A URL signature is a URL component that ensures that the rest of the URL components are being provided as intended by the application; and, that the integrity of the URL has not been corrupted by a malicious actor. In this case, the URL signature is acting as a Message Authentication Code (MAC). And, is generated by combining the public parts of the URL—that any user can see—with a secret key—that is only known to the ColdFusion application server(s).

In this exploration, we're going to use HMAC. HMAC is a version of MAC that depends on a cryptographic, one-way hashing function. Java supports several HMAC algorithms which are then exposed in the ColdFusion layer via the hmac() function. HMAC algorithms vary in security; and, not all algorithms are provided by all runtimes.

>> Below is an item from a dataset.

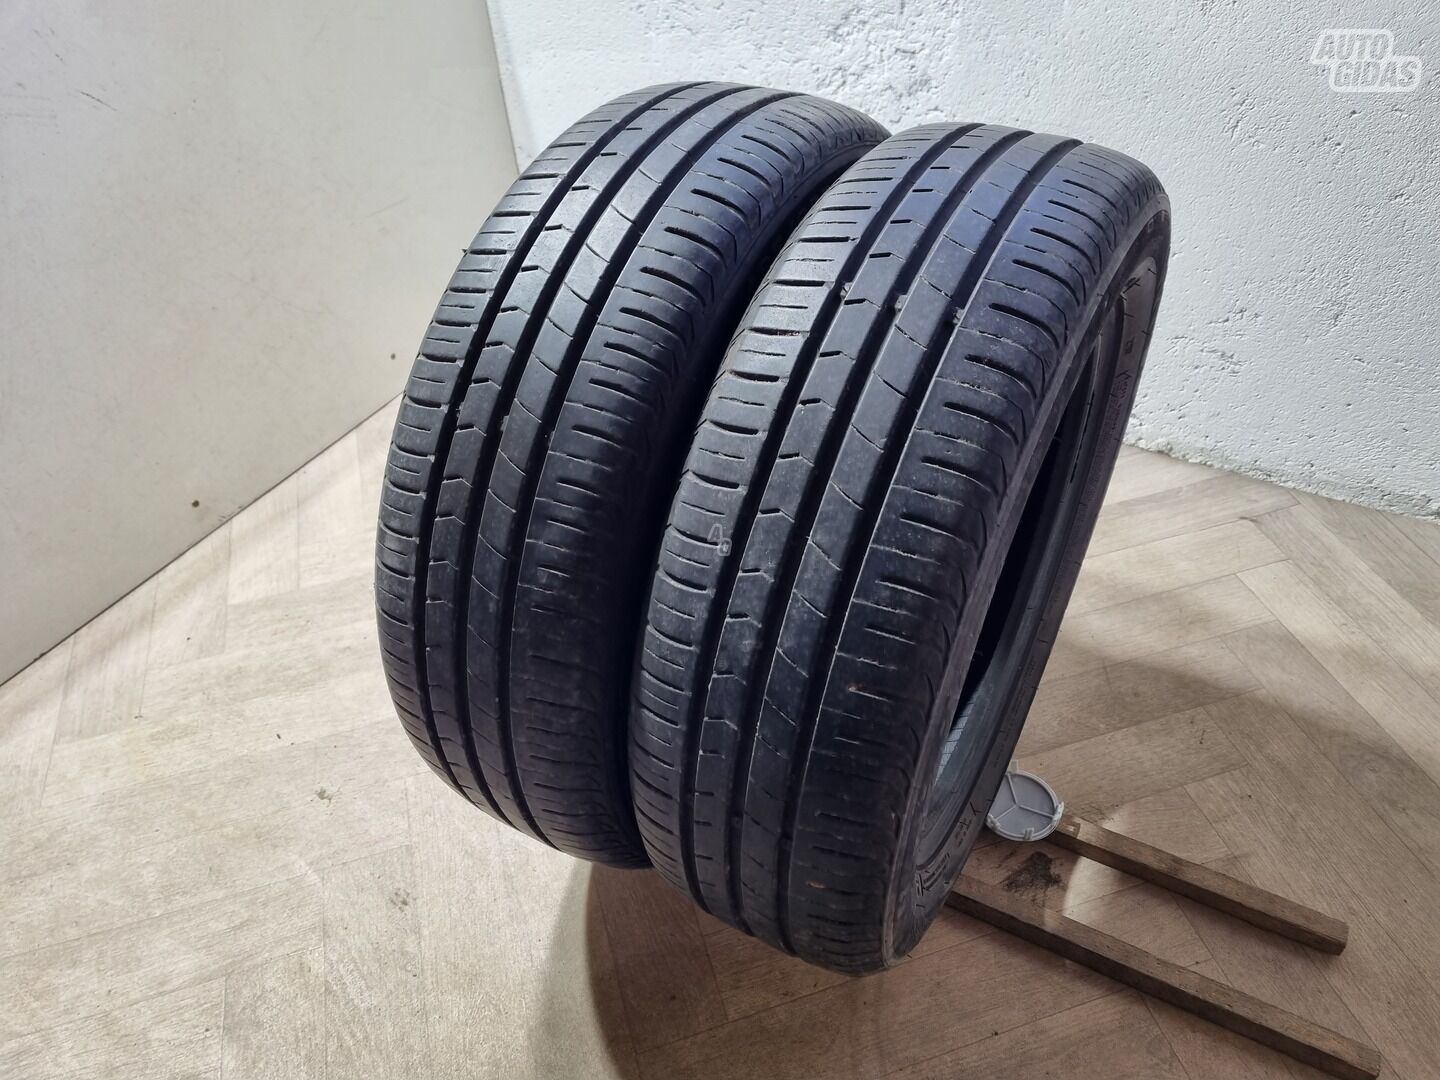 Tracmax 6mm, 2019m R15 summer tyres passanger car
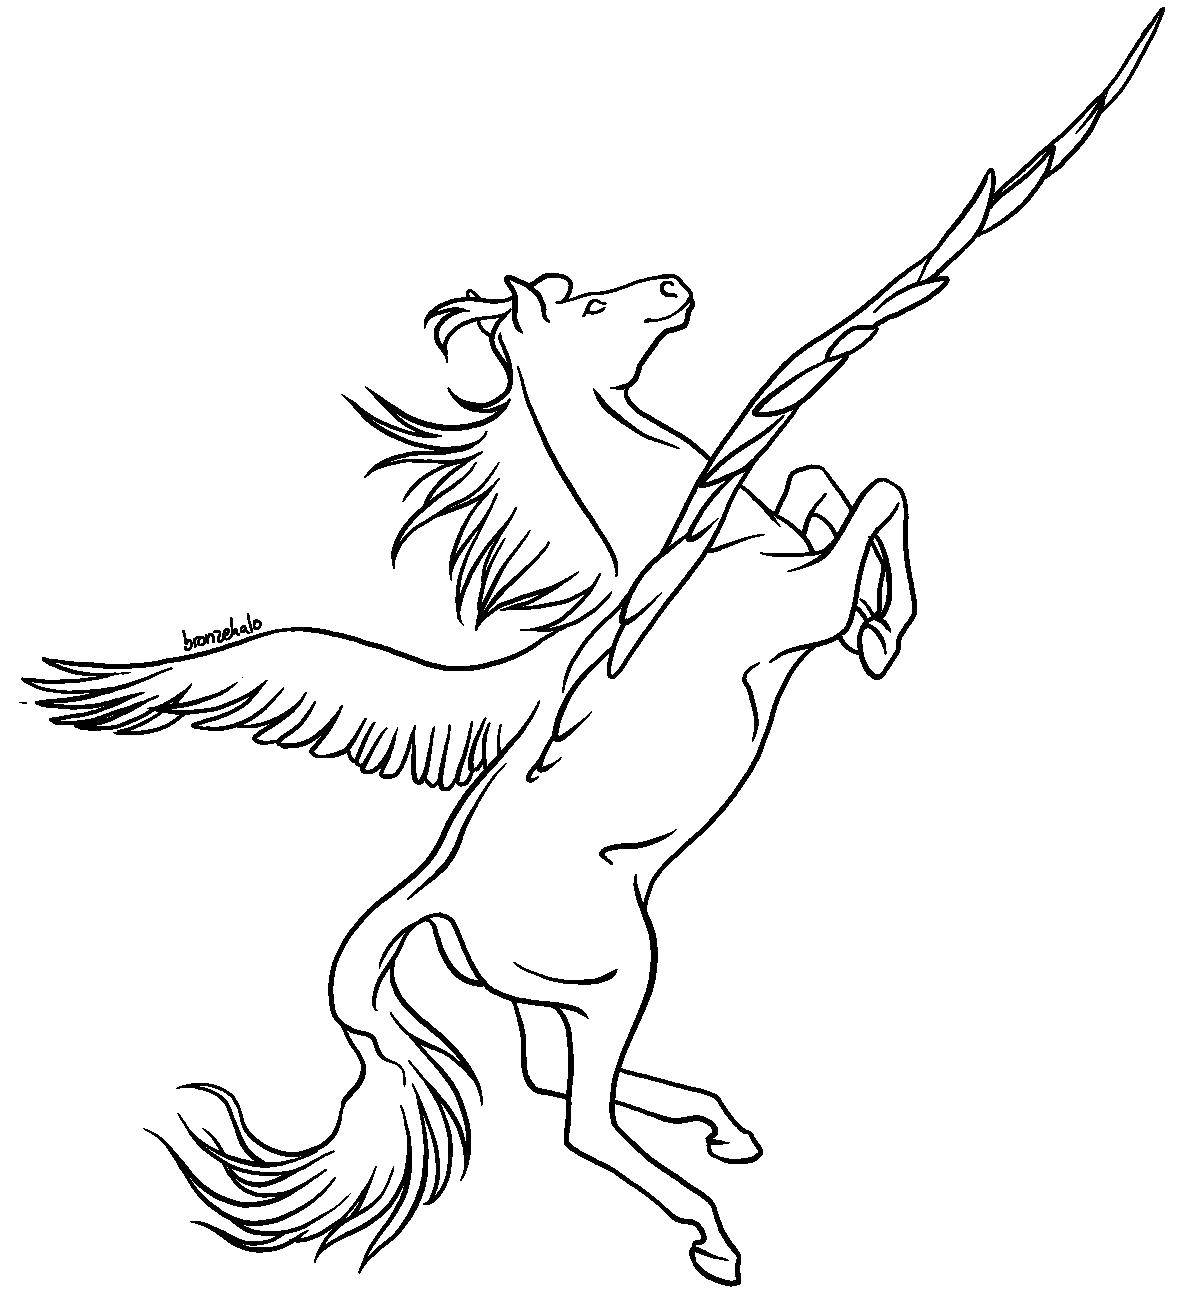 Coloring Pegasus. Category coloring. Tags:  Animals, Pegasus.

Aside: In the past, I've looked at using BouncyCastleProvider to enable RSA-based algorithms; but, I could not get that to work in my CommandBox install with the Lucee CFML hmac() function. I may have been doing something wrong.

When it comes to securing a URL with an HMAC signature, you have to be explicit about which components of the URL you're trying to protect. Meaning, you can only secure the parts of the URL that are included in the signature generation. For example, if we wanted to secure the following URL:

GET https://example.com/my-resource?id=3

But, we generated the signature by including only the path and the ID:

signature( "path:/my-resource", "id:3" )

It means that portions of the URL could be changed by a malicious actor without violating the HMAC signature:

  • GET can be changed to DELETE.
  • https can be changed to http.
  • example.com can be changed to acme.example.com.

If we care about these potential mutations, and we don't want them to be changed, we'd have to include the desired values in the signature generation. Essentially, any value that has to remain constant, from a security standpoint, has to be included in the signature generation.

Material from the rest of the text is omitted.